== DATASET CONTENT ==

== Segment start ==

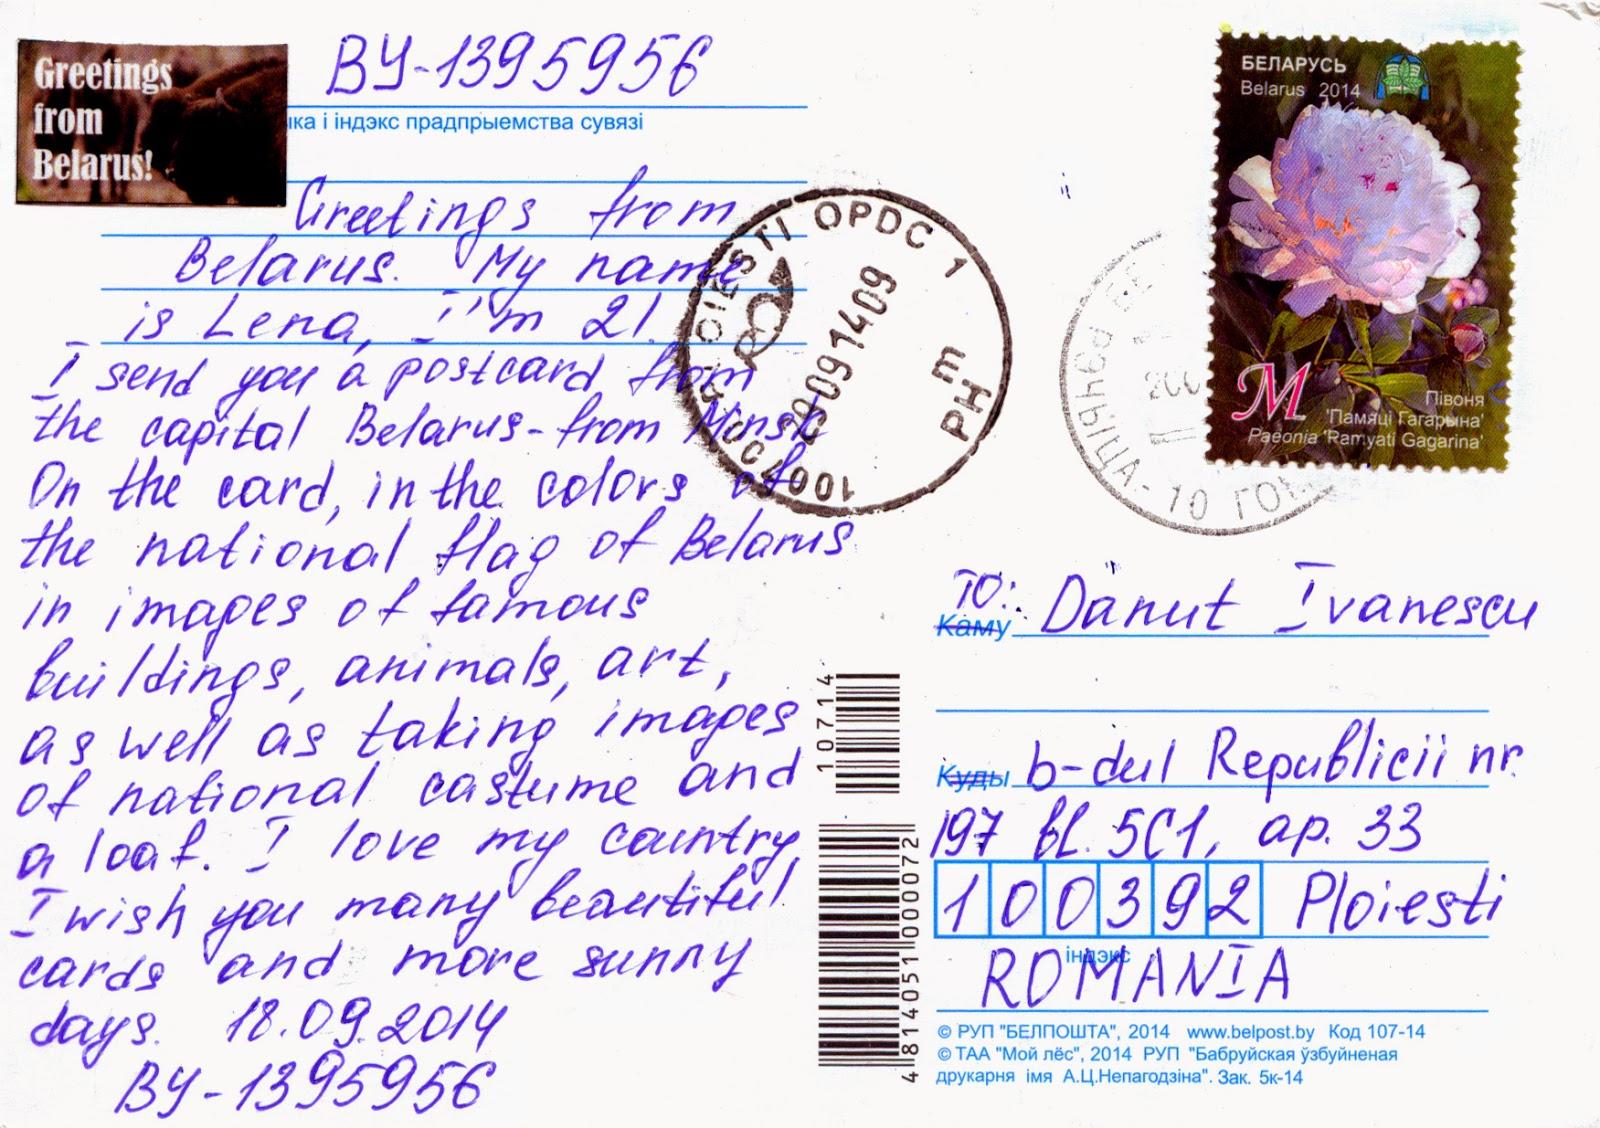 Russian Or Ruthenian And Belarusian 8
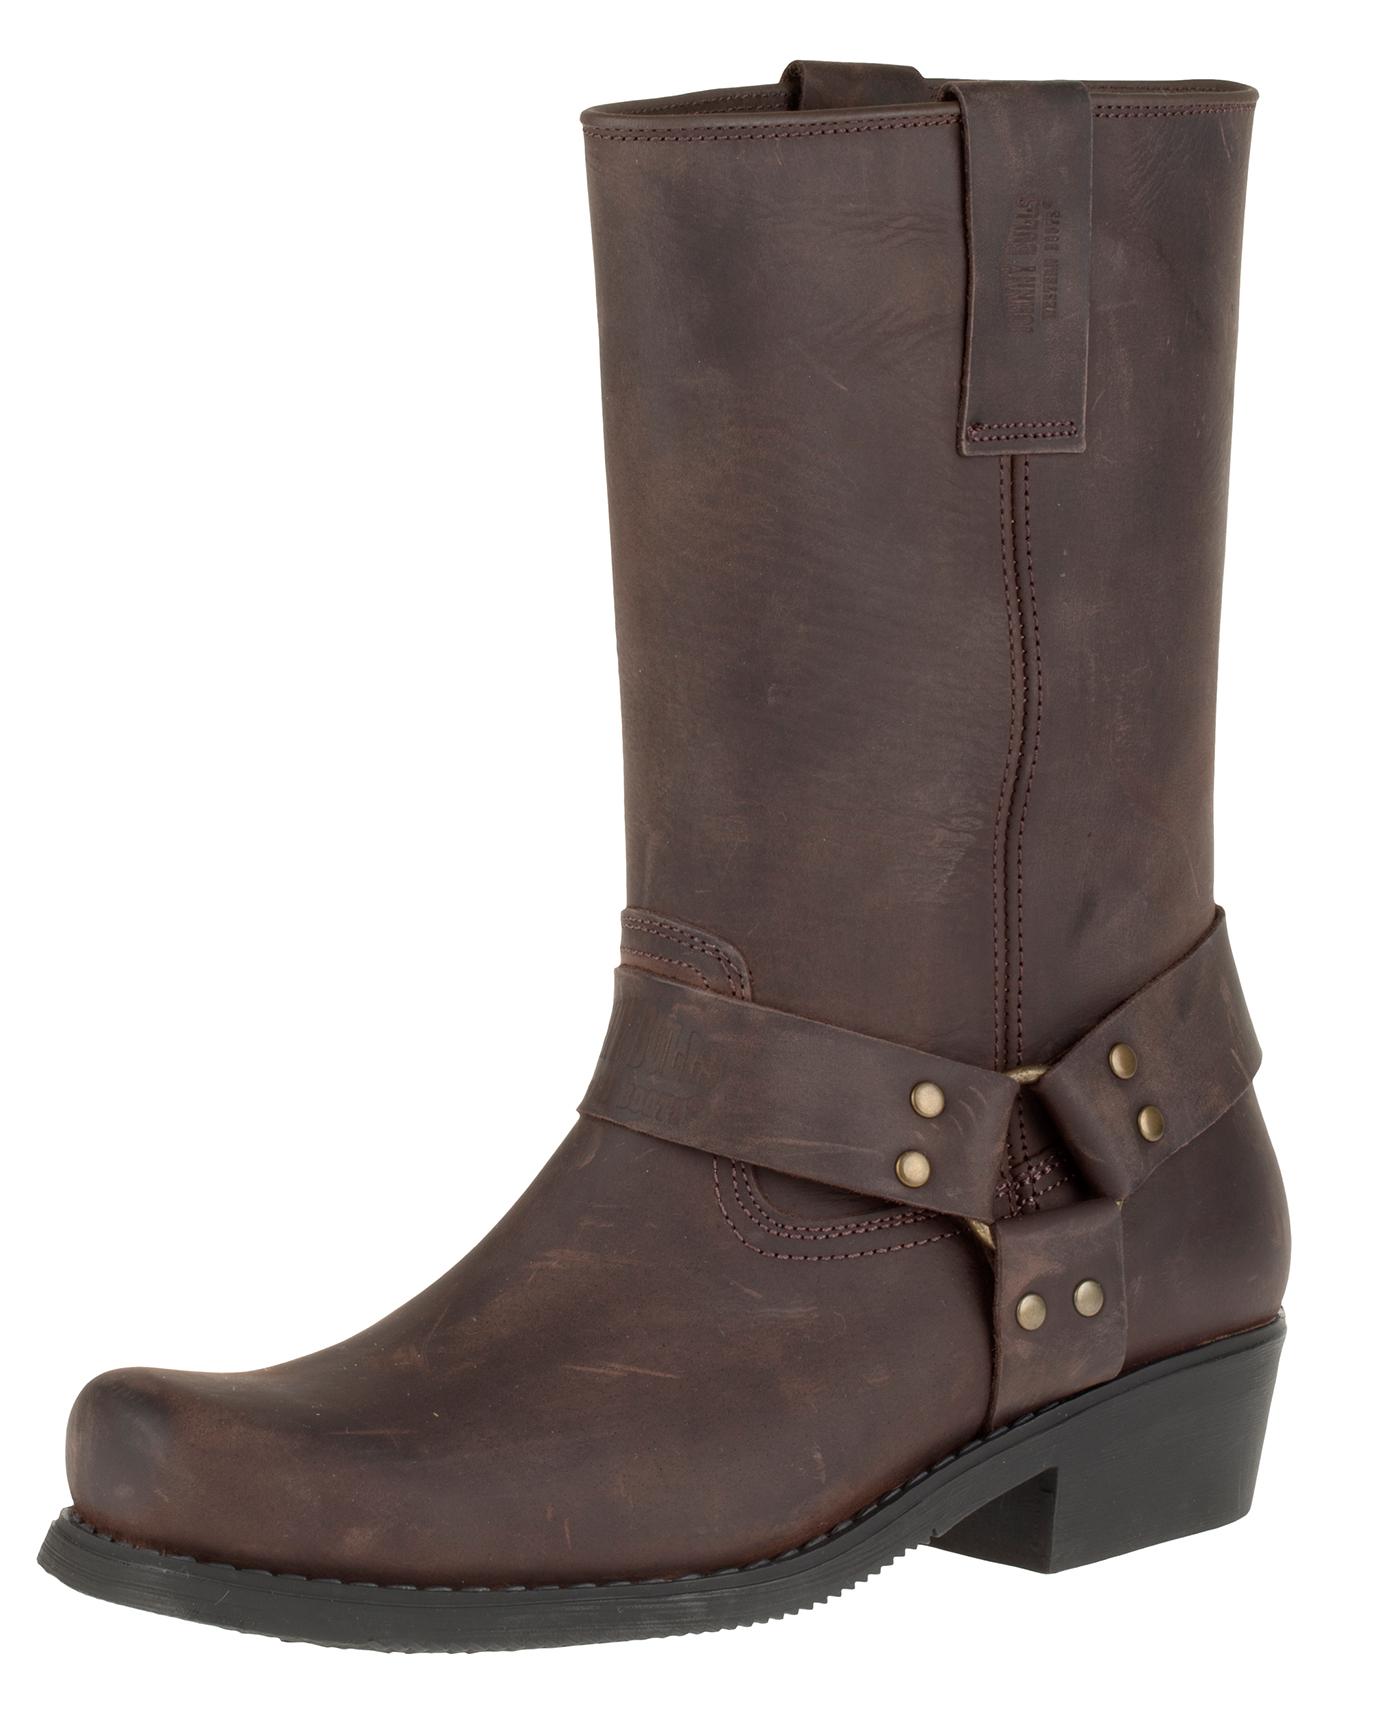 896d6cf4f9b Westernové boty JOHNNY BULLS - K 081
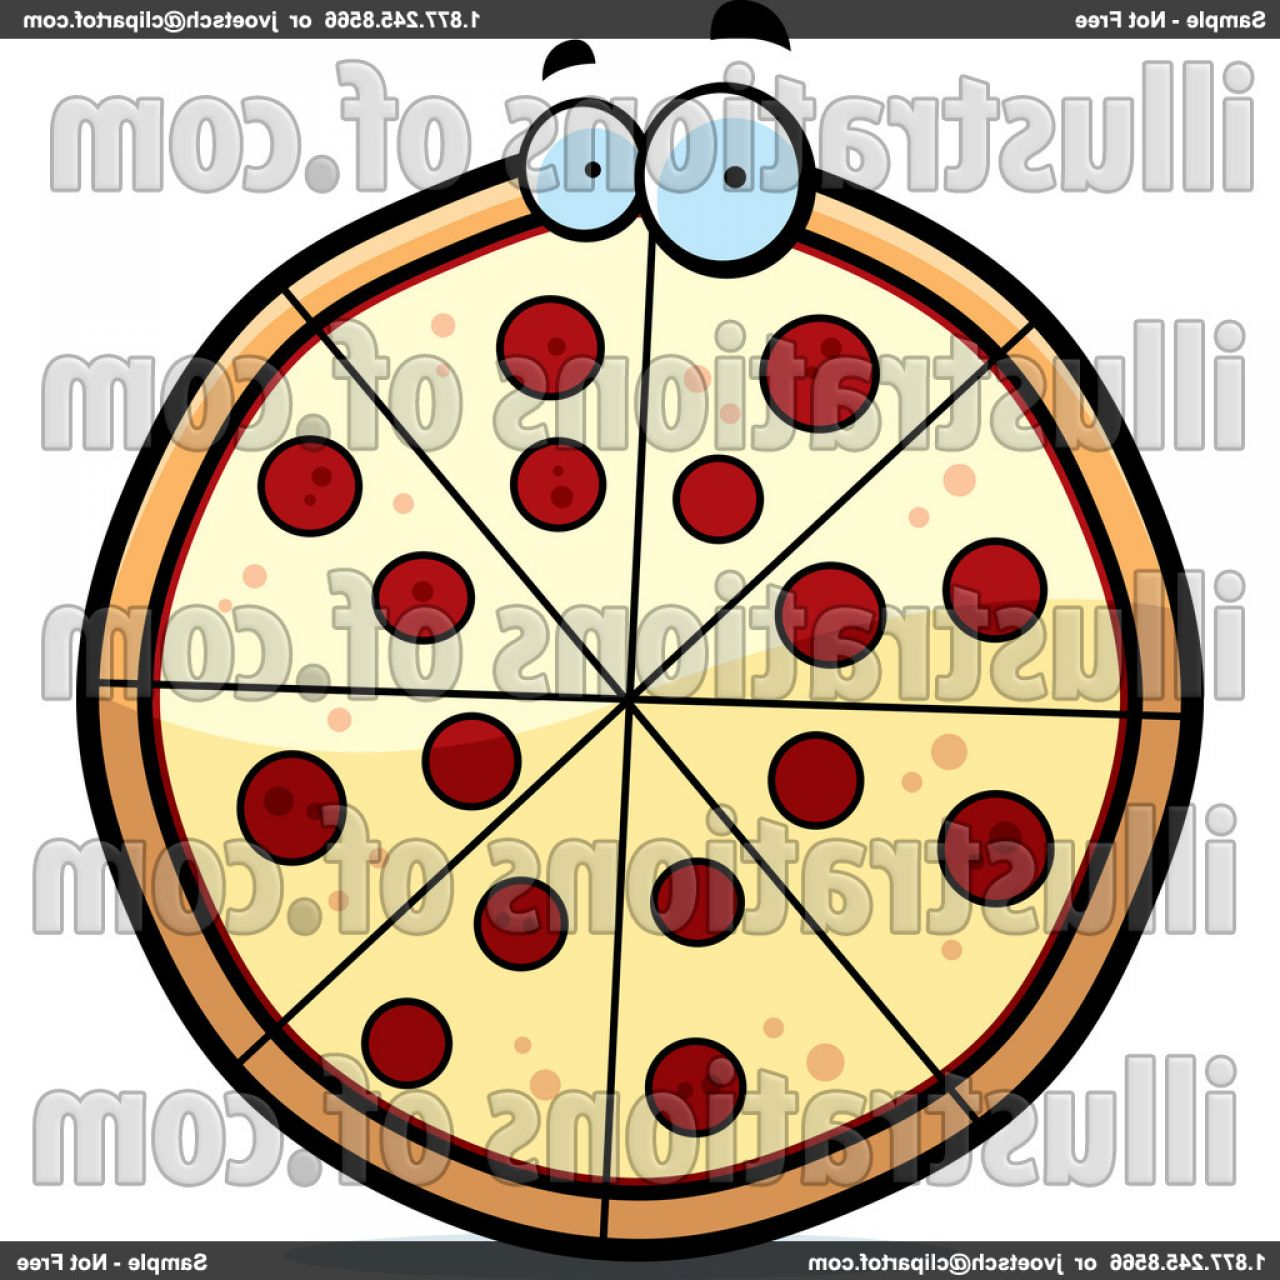 whole%20pizza%20clip%20art%20black%20and%20white

== Segment end ==

== WHAT TO WORK ON ==
The response should reproduce all the material above exactly and leave out its pictures.

== SOLUTION FOR THIS PROBLEM ==
 Russian Or Ruthenian And Belarusian 8
 896d6cf4f9b Westernové boty JOHNNY BULLS - K 081
 whole%20pizza%20clip%20art%20black%20and%20white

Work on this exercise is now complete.